Bekerja di Ruang Kerja Terbuka: Solusi yang Salah untuk Produktivitas

Bekerja di ruang terbuka sudah menjadi tren baru. Bukan hanya bekerja di coworking space yang kini sudah banyak dilakukan para pekerja remote, tapi juga di perusahaan yang memiliki staf dan jam kantor tetap. Faktanya, 70% karyawan di Amerika sudah menggunakan ruang kerja terbuka (open-plan office) di tempat kerjanya. Bekerja di meja besar bersama-sama tanpa pembatas dengan teman di sebelah, menjadi budaya kerja yang sedang dikembangkan. Hal ini dengan dasar anggapan bahwa bekerja di ruang kerja terbuka membuat proses kolaborasi antar karyawan lebih mudah untuk dilakukan. Bekerja di ruang kerja terbuka juga dianggap dapat meningkatkan komunikasi antar karyawan terutama interaksi tatap muka.

Perusahaan juga dengan senang hati menyediakan ruang kerja terbuka.
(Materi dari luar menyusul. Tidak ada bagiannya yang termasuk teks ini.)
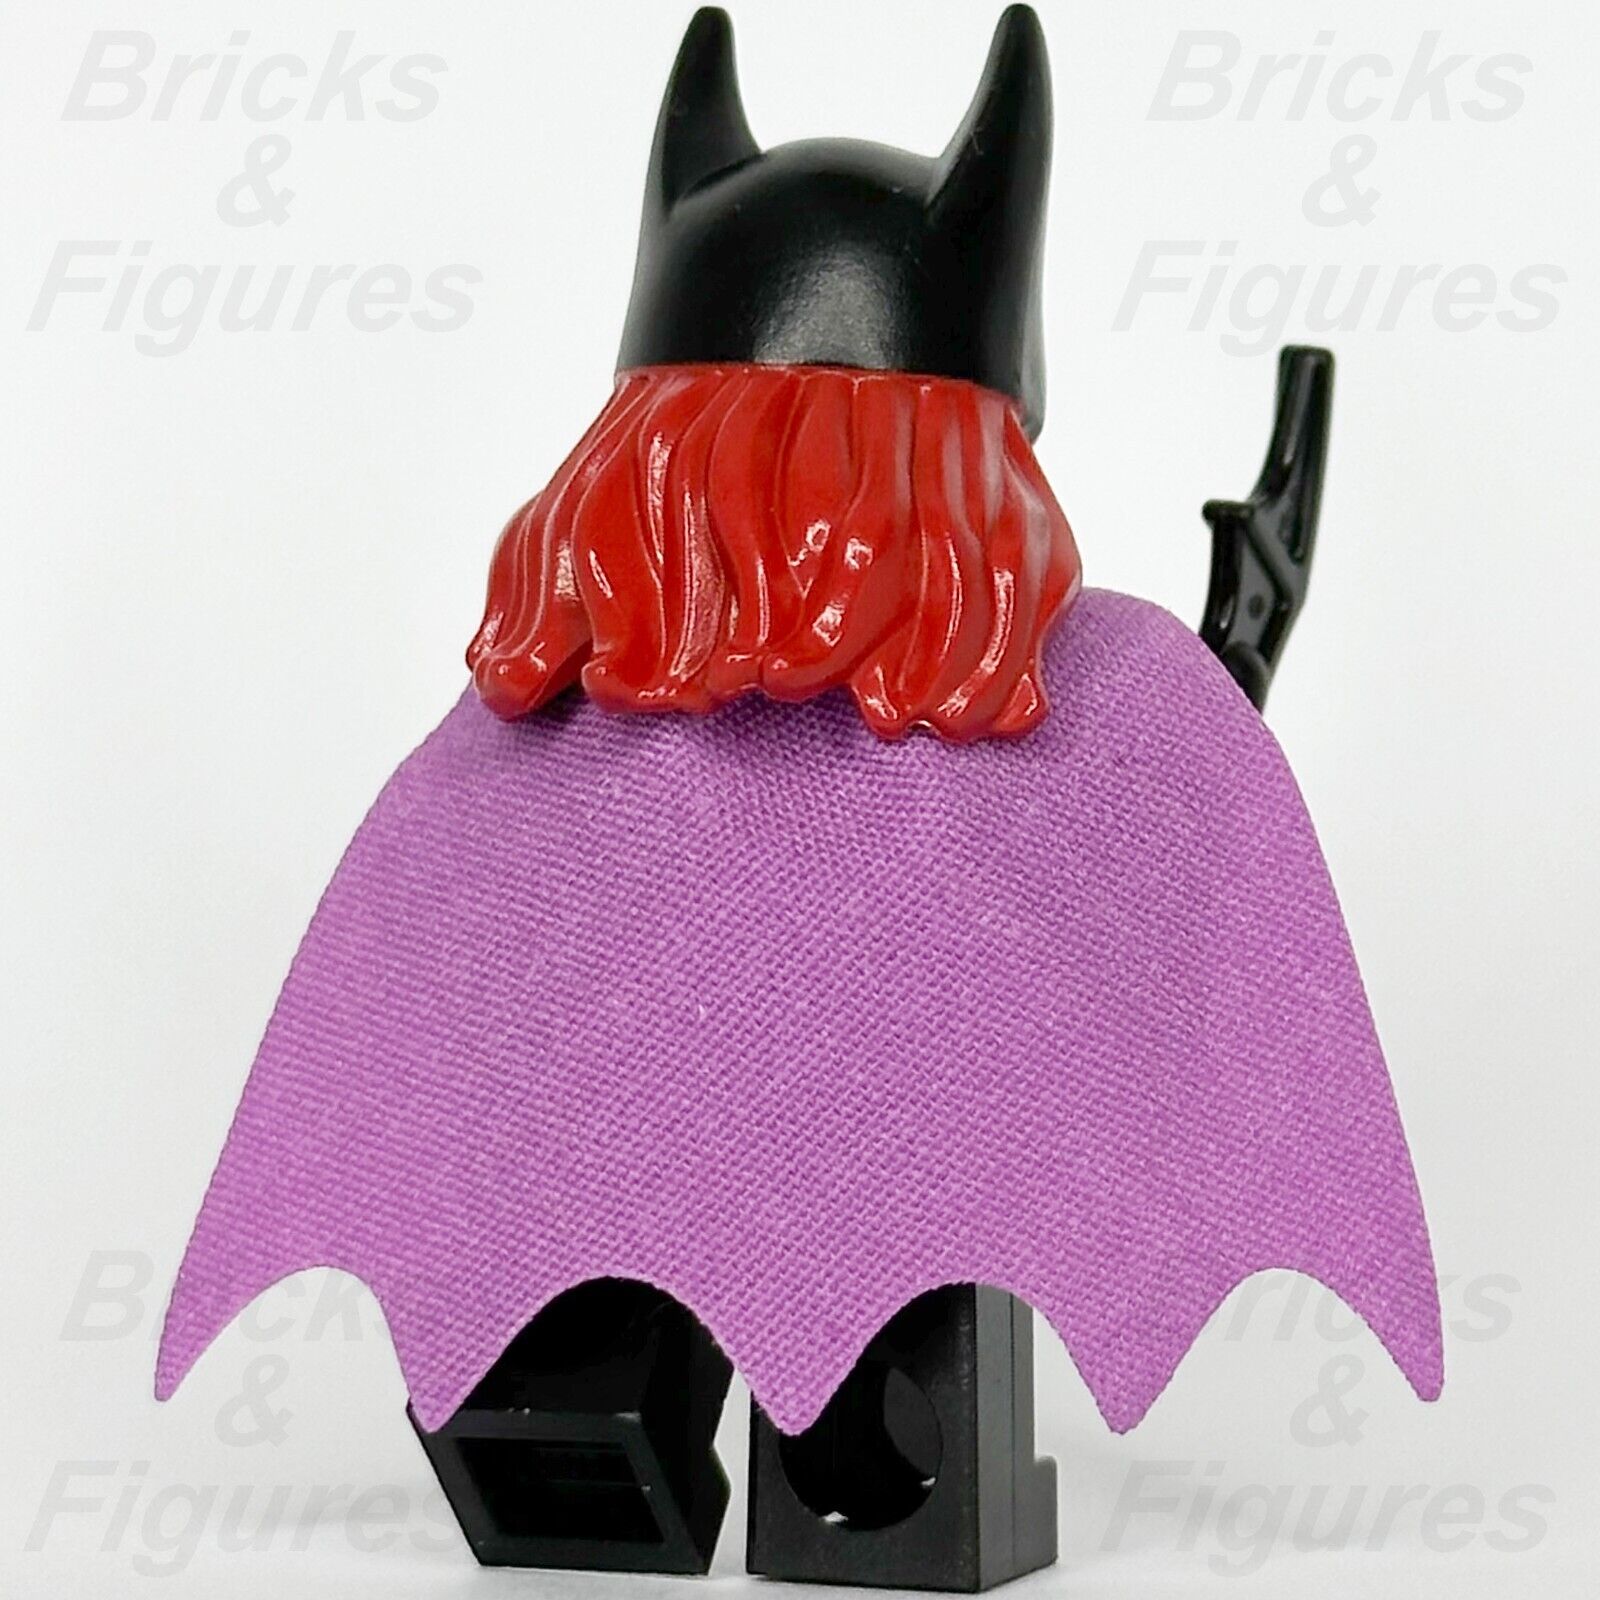 LEGO Super Heroes Batgirl Minifigure Batman 2 DC Lavender Cape 76013 sh092

Ruang kerja terbuka dianggap bisa menghemat biaya yang dikeluarkan perusahaan untuk fasilitas penunjang kerja. Hal ini dikarenakan perusahaan tidak perlu mengeluarkan uang banyak untuk memiliki gedung bertingkat dengan ruang-ruang di tiap lantai. Cukup beberapa lantai dan ruang kerja yang besar dilengkapi meja besar serta kursi-kursi di dalamnya.

Namun, benarkah ruang kerja terbuka memiliki dampak yang sesuai ekspektasi kepada para karyawan?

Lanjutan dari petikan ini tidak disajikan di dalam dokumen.